The head of home sidings and fibreboard maker James Hardie, Louis Gries, will step down as chief executive of the company next year, to be replaced by Jack Truong.

Mr Truong's appointment will become effective toward the end of the firm's 2019 fiscal year, after which Mr Gries will leave the company.

Change of leaders: Jack Truong (right) wil take over from CEO Louis Gries (left) next year.

Change of leaders: Jack Truong (right) wil take over from CEO Louis Gries (left) next year.

Photo: Supplied

The change in leadership will end the more than 13 years tenure of Mr Gries at the helm of the fibreboard maker, which records a majority of its sales in North America. Mr Gries said his successor's appointment completes a process James Hardie started about four years ago, when he flagged his intention to retire at the age of 65. Mr Gries turns 65 in November.

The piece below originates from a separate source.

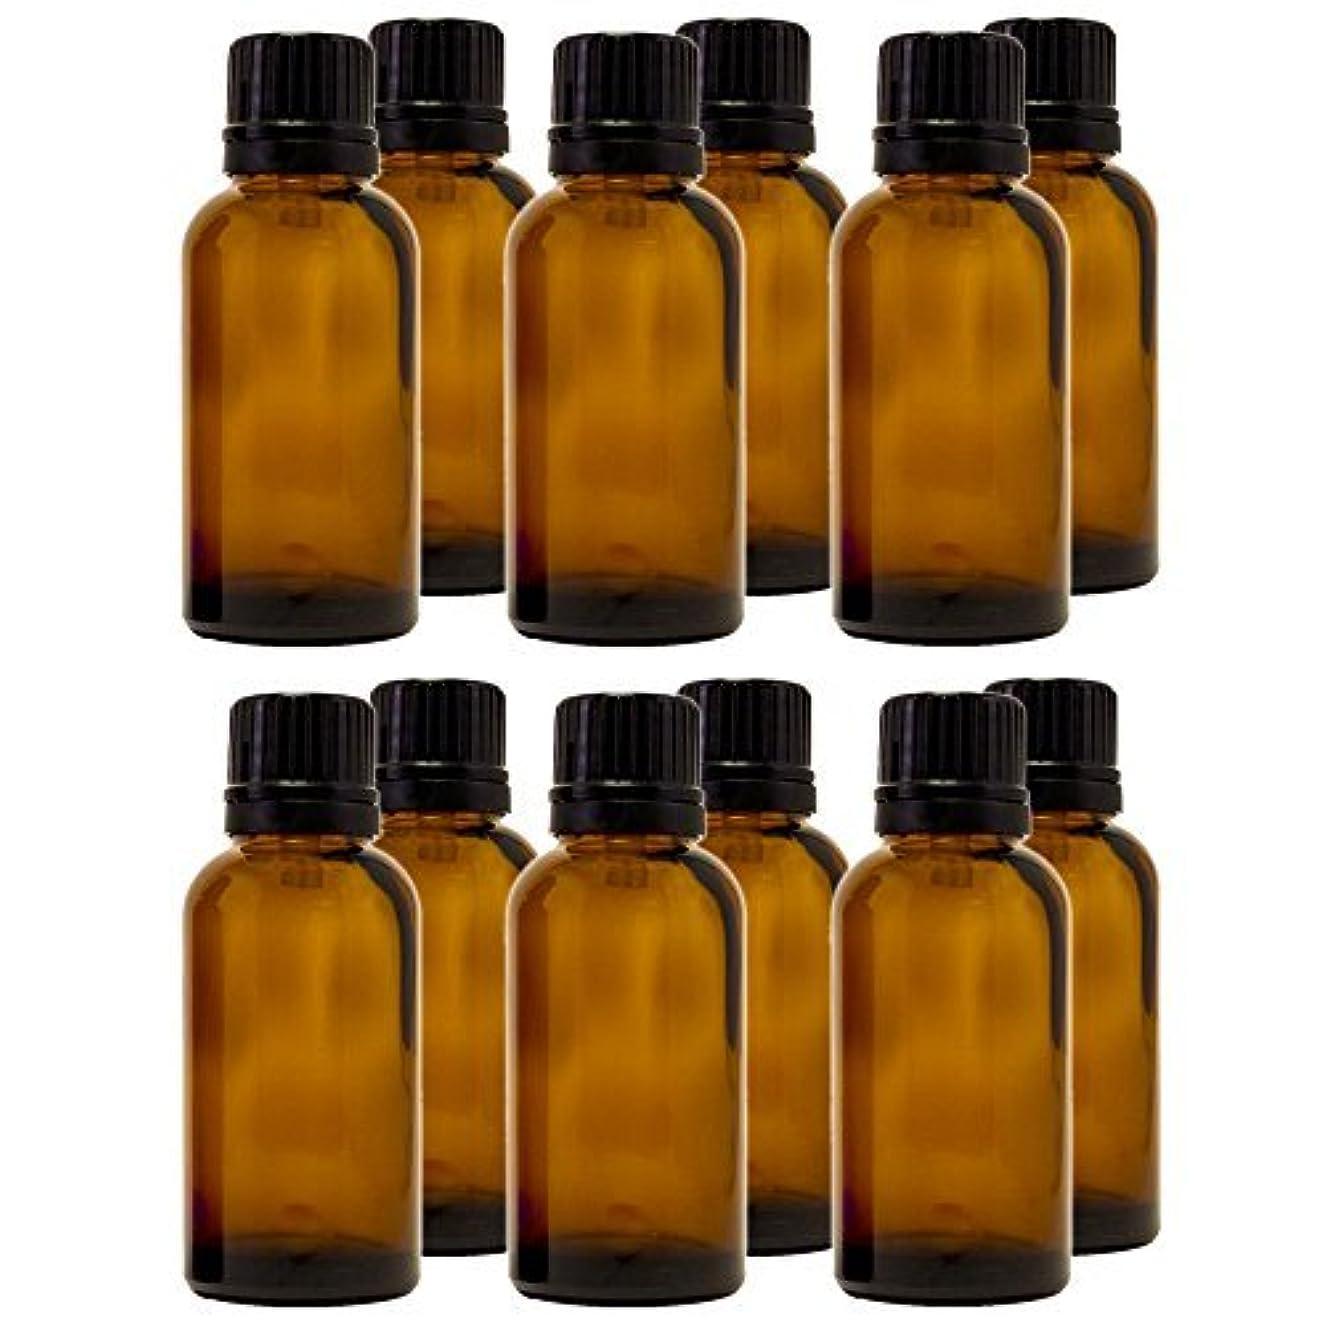 はず対立いつ30 ml (1 fl oz) Amber Glass Bottle with Euro Dropper (12 Pack) [並行輸入品]
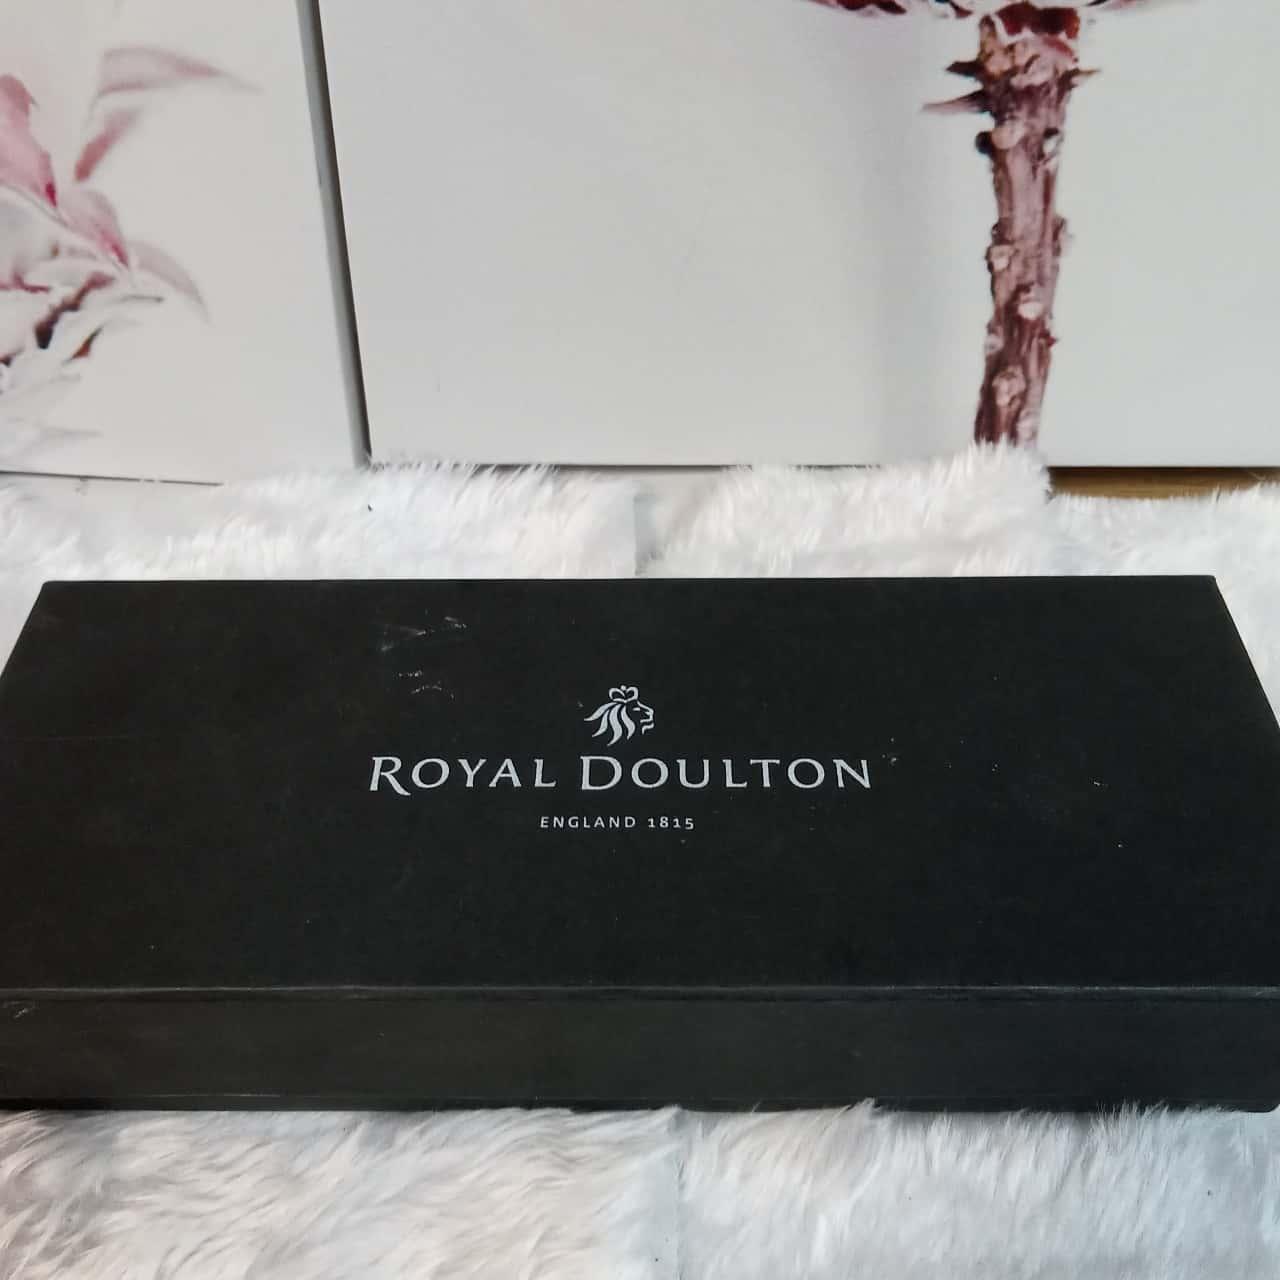 Royal Doulton 3x glass photo frames

James Hardie hired Mr Truong around 18 months ago. He currently runs James Hardie's Asia Pacific fibre cement business and its Europe building products business. Prior to this, he was the chief executive of Electrolux Appliances North America and spent 22 years at 3M.

James Hardie said its board has set a handover period of about six months, during which Mr Truong will become president and chief operating officer and run the group's global business. Mr Gries will remain as chief executive during the handover.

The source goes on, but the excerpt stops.